Unconventional Wisdom: Kirsten Ostherr

The Medical Media Analyst

By Mariana Najera '21

The Gladys Louise Fox Professor of English, Kirsten Ostherr
Illustrations by Adriana Bellet

As the Gladys Louise Fox Professor of English, Kirsten Ostherr works at the intersection of media, health and technology. She is also the chair of Rice’s English department and the founder and director of the Medical Humanities program and the Medical Futures Lab, a collaborative center bringing together faculty from Rice, Baylor College of Medicine and UT Health to study new ways of understanding medicine.

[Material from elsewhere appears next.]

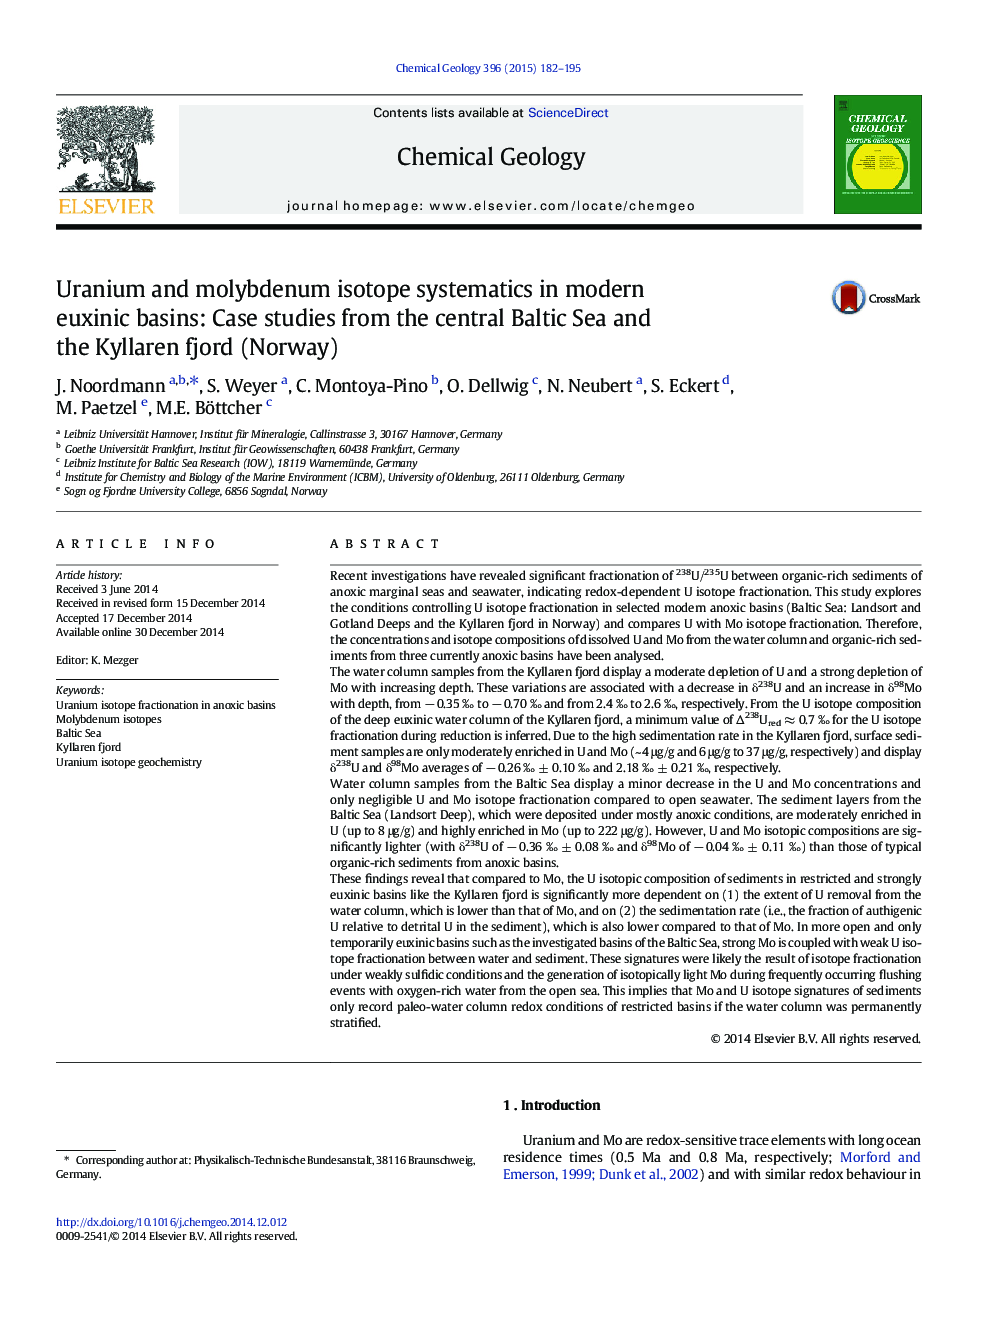 سیستماتیک ایزوتوپهای اورانیم و مولیبدن در حوضه های مدرن اکسینیک: مطالعات موردی از دریای مرکزی دریای بالتیک و فیرورد کیلرن (نروژ) 
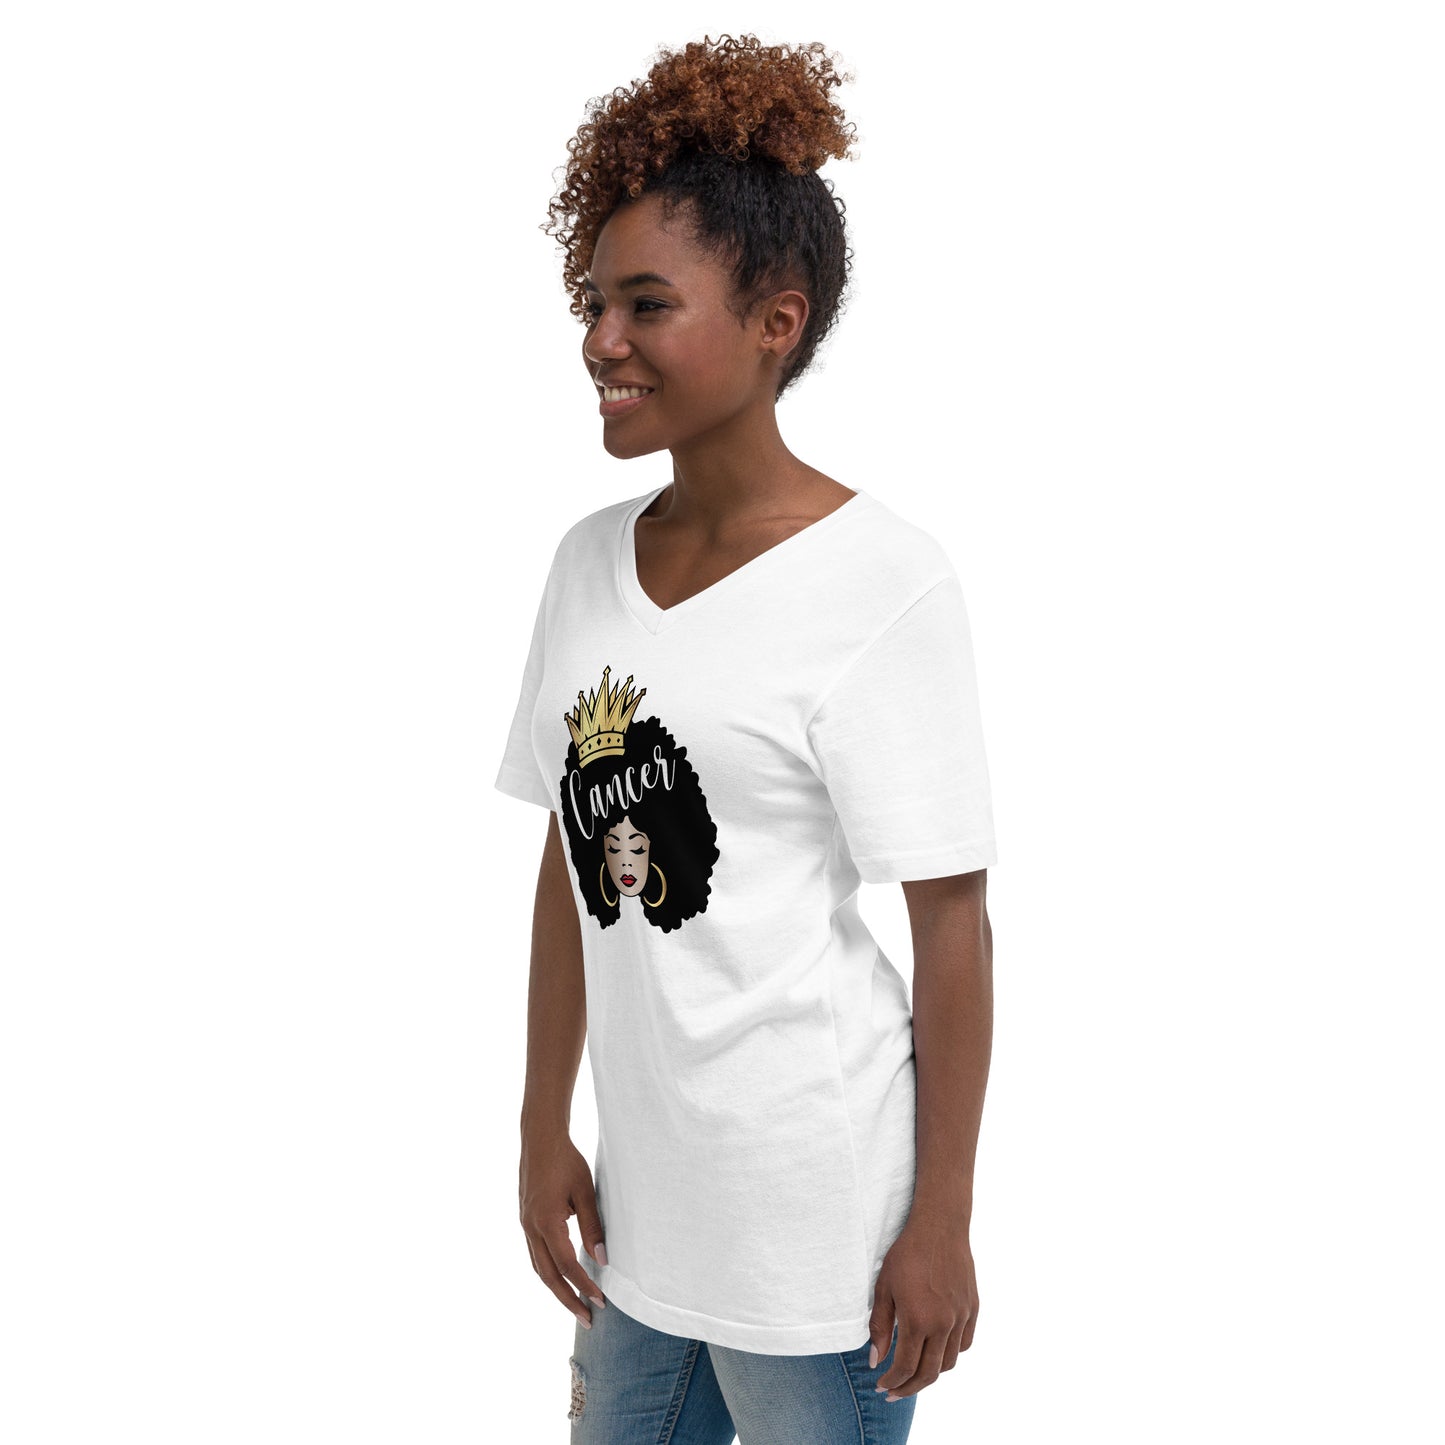 Women's Short Sleeve V-Neck T-Shirt - Cancer Afro Queen

Under Ostherr’s leadership, enrollment for the program has skyrocketed, with the introductory course expanding from 25 students to 60 this past term. Since joining the department in 2002, Ostherr has worked with countless students, faculty and medical professionals to question the role of technology in health care and the implications of how we visually represent health, illness and disease.

The Humanities of Health

I do research on health and medical media from around the late 19th century, when film was invented, to the present, where my focus is now on mobile media, the data networks that are associated with them and their related issues.

How I Got Started

When I was working as a research assistant at a medical school in Oregon, I was really fascinated by the ways that epidemiologists told stories to make sense of data that they gathered. This brought my attention to the fact that narratives are really important in health and medicine, both in research and in the ways that people make sense of things. So I started wondering, what are the visual dimensions of the ways that we represent contagious disease? And how have they changed over time?

How do we experience human presence through a screen? What are the strengths of technologically mediated communication in health care? What are the limitations and meaning, and what are the parts of health care that really need human connection?

From X-Rays to “Grey’s Anatomy”

My general focus is understanding how visual media shapes the ways that doctors and patients see and understand health and disease. That includes media created inside of clinical settings, like X-rays and CT scans, as well as media produced outside of clinical settings, like drug ads or TV shows.

Teaching With Television

One of the things we do in my Medicine and Media class is we talk about “Grey’s Anatomy.” A number of years ago, I happened to meet someone who was the director of medical research for the show, and then she also became a writer, screenwriter and producer. I invited her to come speak to the class, and it’s become an annual tradition where she will Skype in and give a presentation on the relationship between accuracy and storytelling on that show. It raises a lot of interesting questions for the class. … So we talk about how to balance entertainment and education, because entertainment media has often been used effectively as a form of health communication, even when it’s totally fictional.

Healing Through a Screen

My research and teaching also involve questioning the use of technology in health care practices, a topic that is particularly relevant right now because of the pandemic. How do we experience human presence through a screen? What are the strengths of technologically mediated communication in health care? What are the limitations and meaning, and what are the parts of health care that really need human connection? These are huge questions that no one has the answer to, but ever since computers became a part of health care, people have been asking what this means for human doctors.

Why Medical Humanities?

Most of what we teach pre-med and medical students is not about the human dimensions of caring for other people. Medical education often doesn’t take into account the ways that things like race, gender, sexual identity and religion shape not only how we approach care, but also how we even define health and illness. Most of what is traditionally taught is also not about listening, nor making space for hearing parts of a patient’s story that may not be understood purely in terms of diagnosis, but are vital for proper treatment. There are so many dimensions of medicine that just go way beyond the biomedical understanding of disease.

Better Patient Communication

I know that most doctors agree with this too, because anyone who’s practiced medicine knows that there’s a lot more gray than there is black and white. And that means you need to be a critical thinker who can communicate ambiguity in a compassionate and empathetic way that helps patients, but still be honest about uncertainty. It’s also a research-based skill that will, like studying organic chemistry, actually increase their knowledge as doctors. From that perspective, I think it’s hugely important for doctors to come out of training with skills that include medical humanities.

Solving Human Problems

I teach students about the complexity of health care, but also how to identify problems and then address them. Ultimately, what students get out of this is the sense of how to confront complex problems that may at first seem too difficult to take on. But really importantly, the tools I’m teaching students to use are not engineering tools. These solutions are not a technological fix; rather, it’s actually about using the methods of the humanities to intervene in health problems, based on the realization that many health problems are actually information and communication problems. So it’s a way of using things like understanding the importance of perspective or cultural context or the power of storyboards and literature, for example, as research tools to understand problems and then imagine alternatives and solutions.

Care and Health Care

When people have some kind of health crisis, trusting their doctor is essential. It can mean the difference of feeling like you had a good outcome, even if the disease is not cured. It’s fundamental for future doctors to be able to recognize the contribution that learning humanistic perspectives will bring to their success as doctors and to their ability to have good outcomes with patients, as well as their satisfaction with their work.